### [Data block]
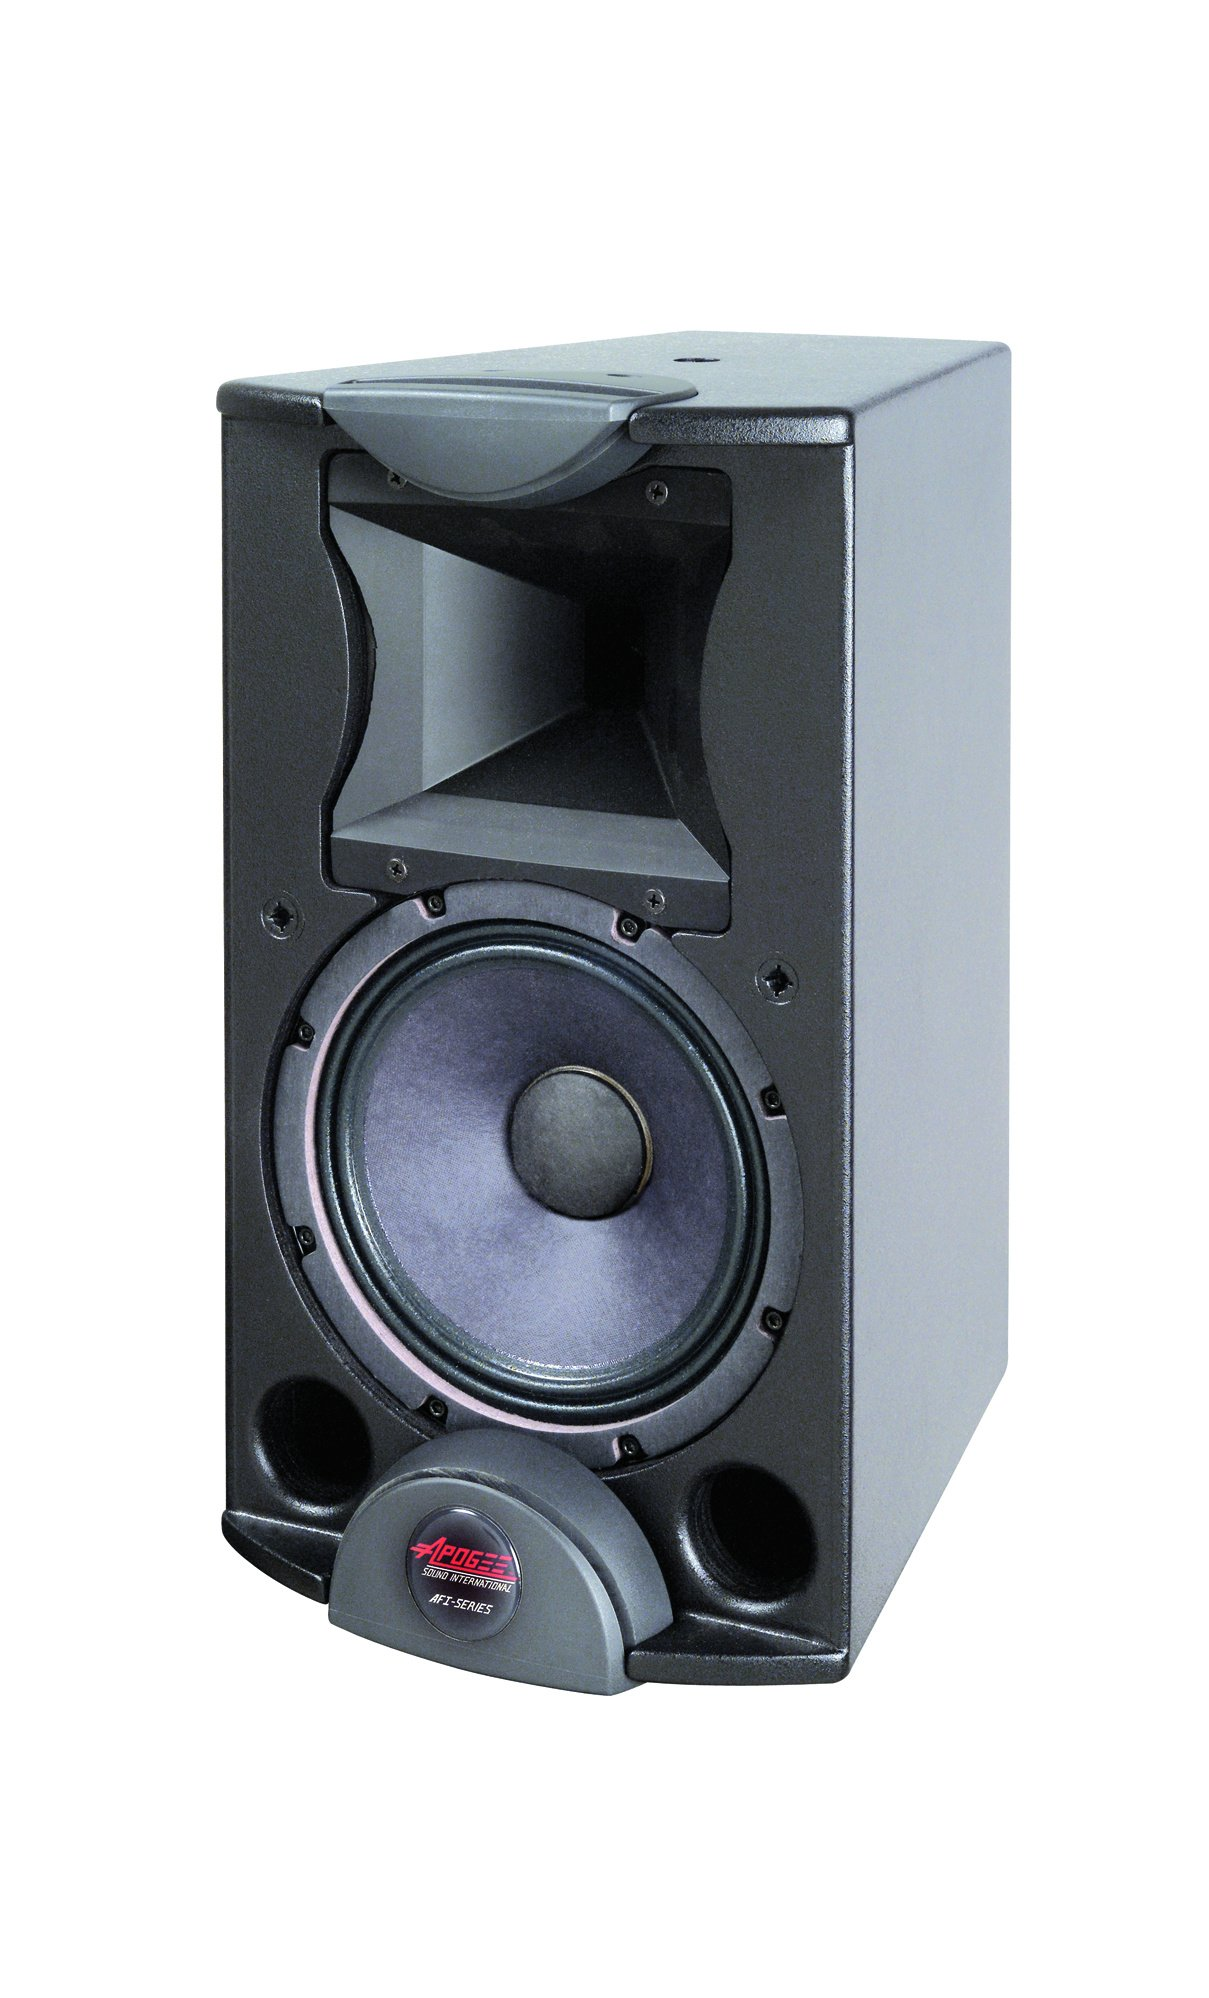 Apogee Sound (Bogen) AFI-1s2 Contractor Series Loudspeaker System, Black Finish 106-0127
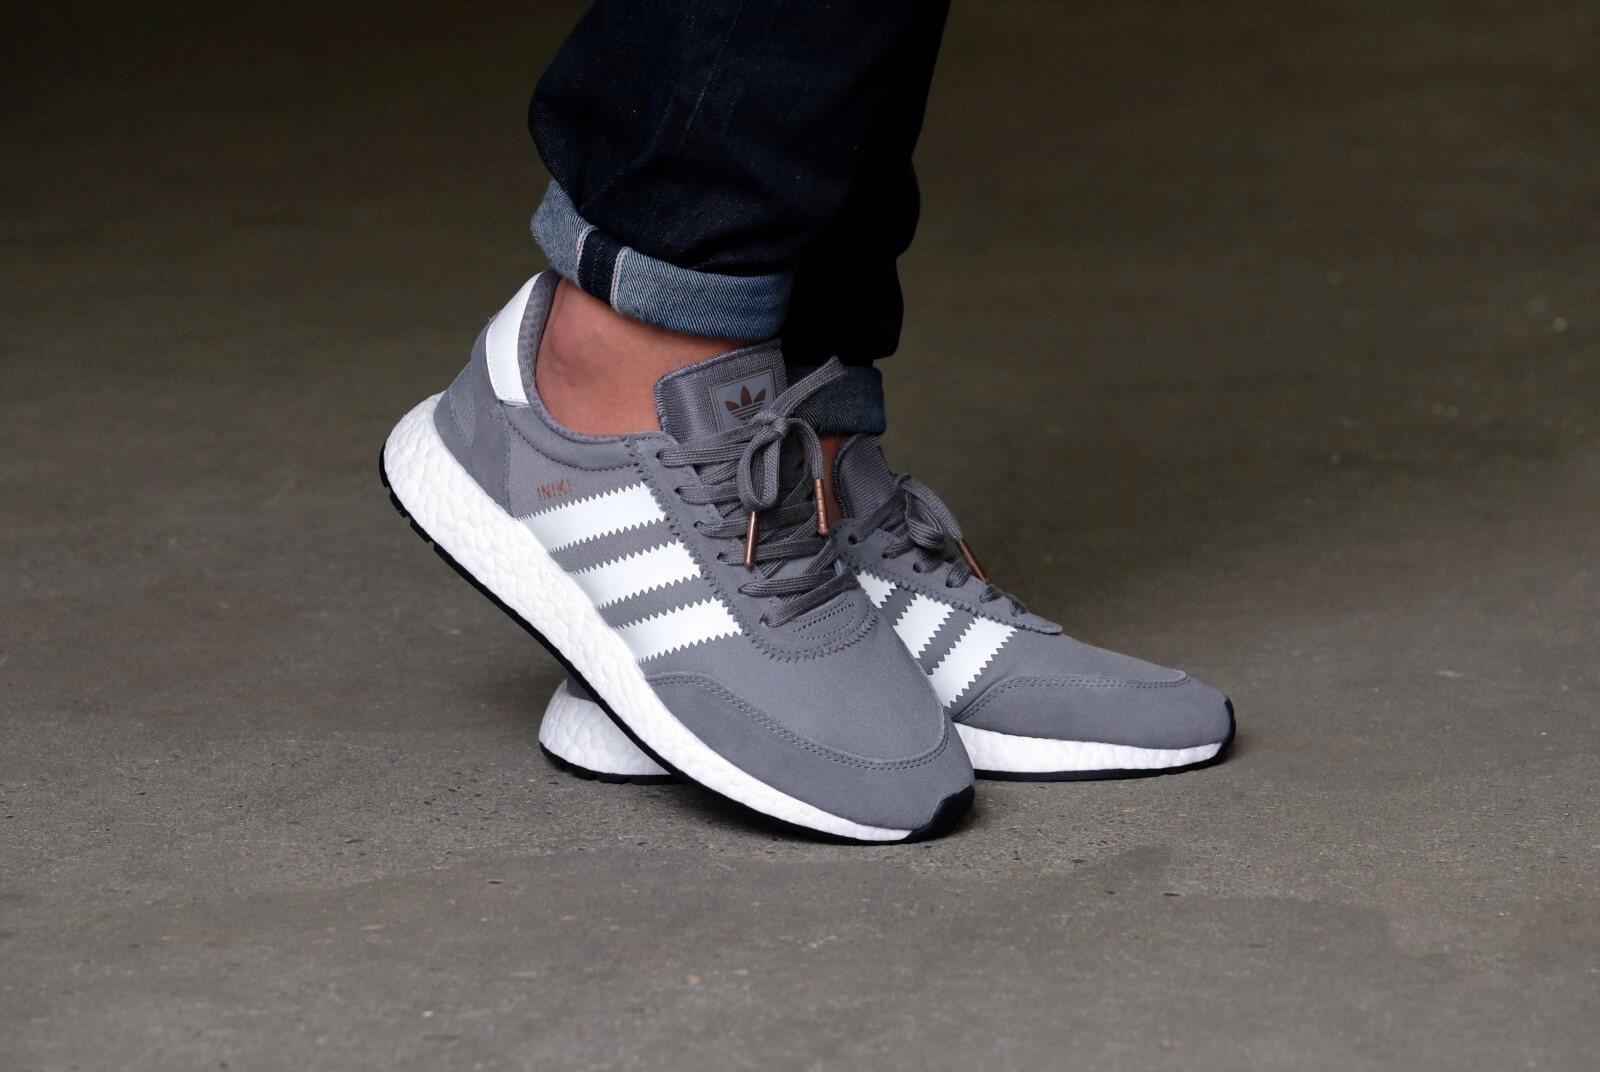 https://static.sneakerdistrict.com/images2/DSCF0220-1600.jpg
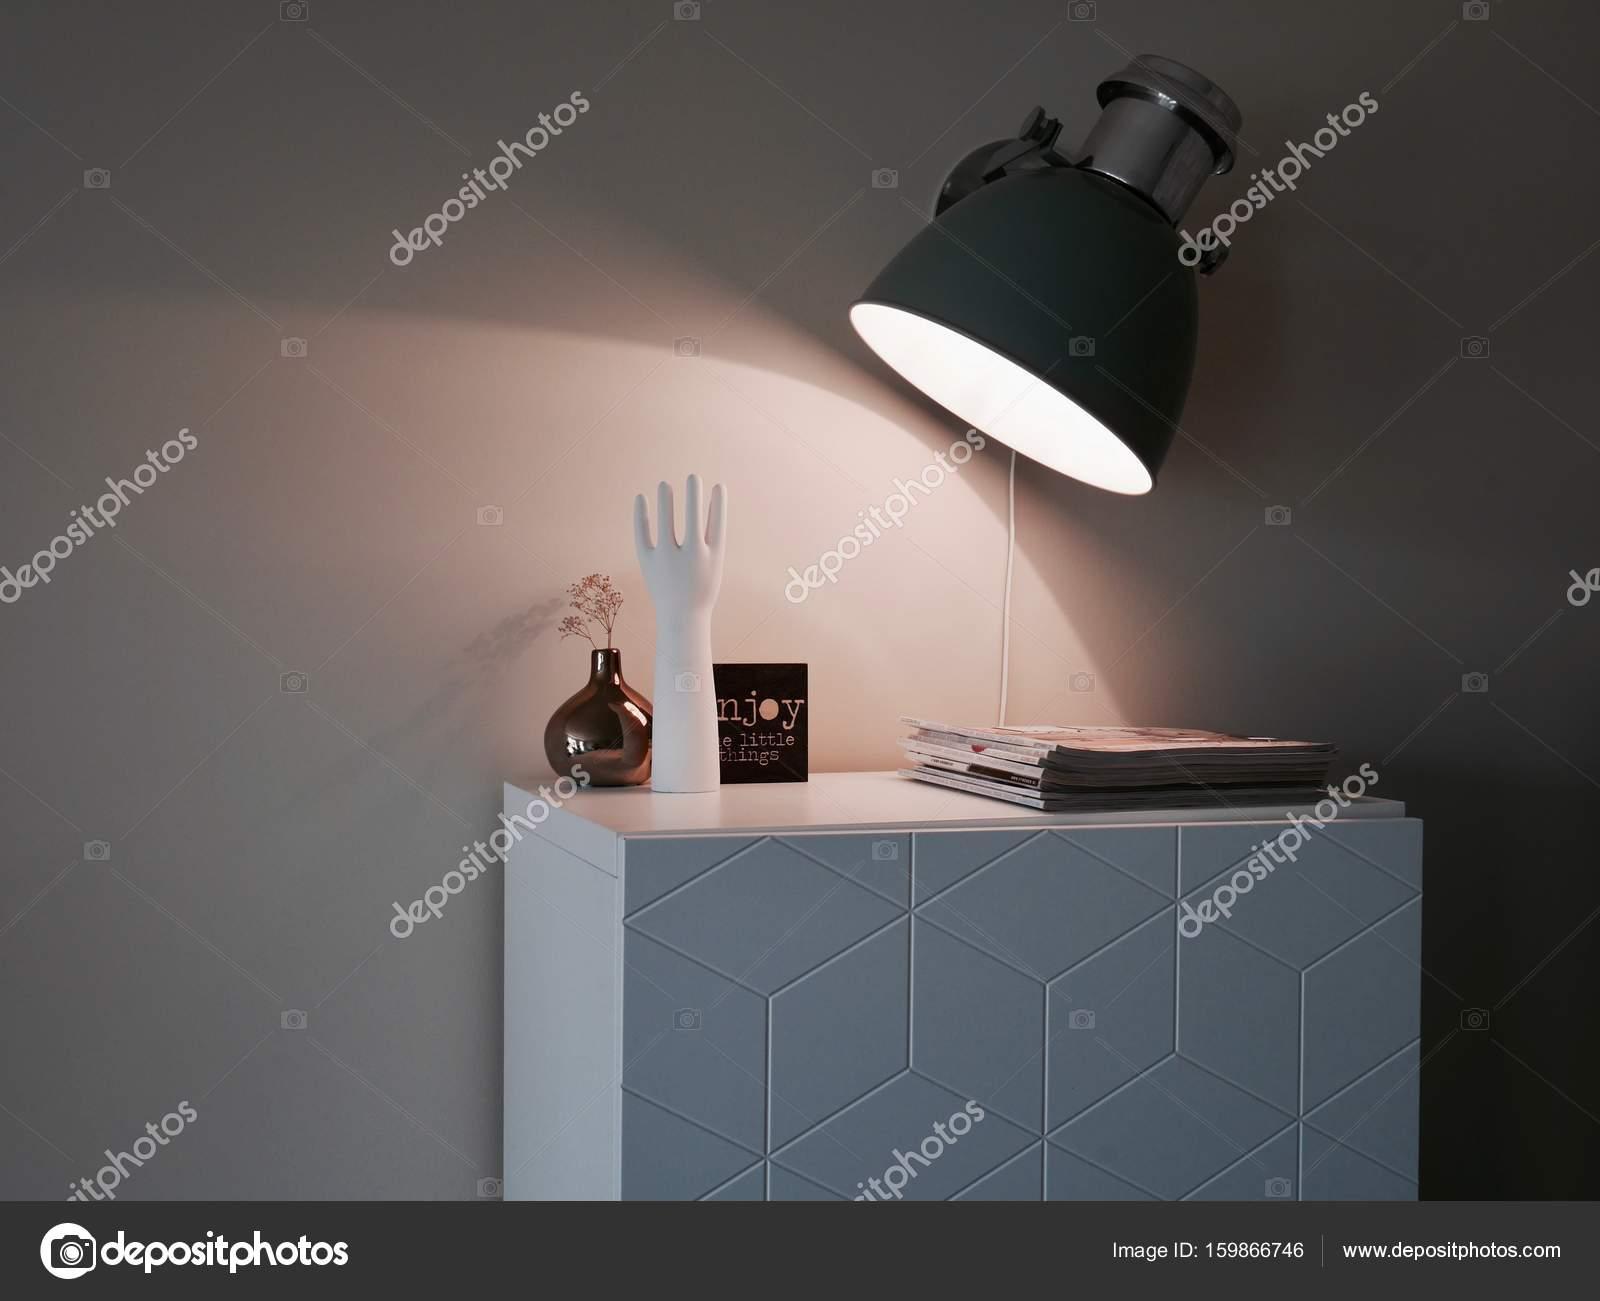 Badkamerkast Met Lamp : Moderne kast wandlamp decoratie u2014 Стоковое фото © mixinstijl

### [What to do]
Leave the pictures out and restate the listing word for word.

### [Written response]
 Apogee Sound (Bogen) AFI-1s2 Contractor Series Loudspeaker System, Black Finish 106-0127
 https://static.sneakerdistrict.com/images2/DSCF0220-1600.jpg
 Badkamerkast Met Lamp : Moderne kast wandlamp decoratie u2014 Стоковое фото © mixinstijl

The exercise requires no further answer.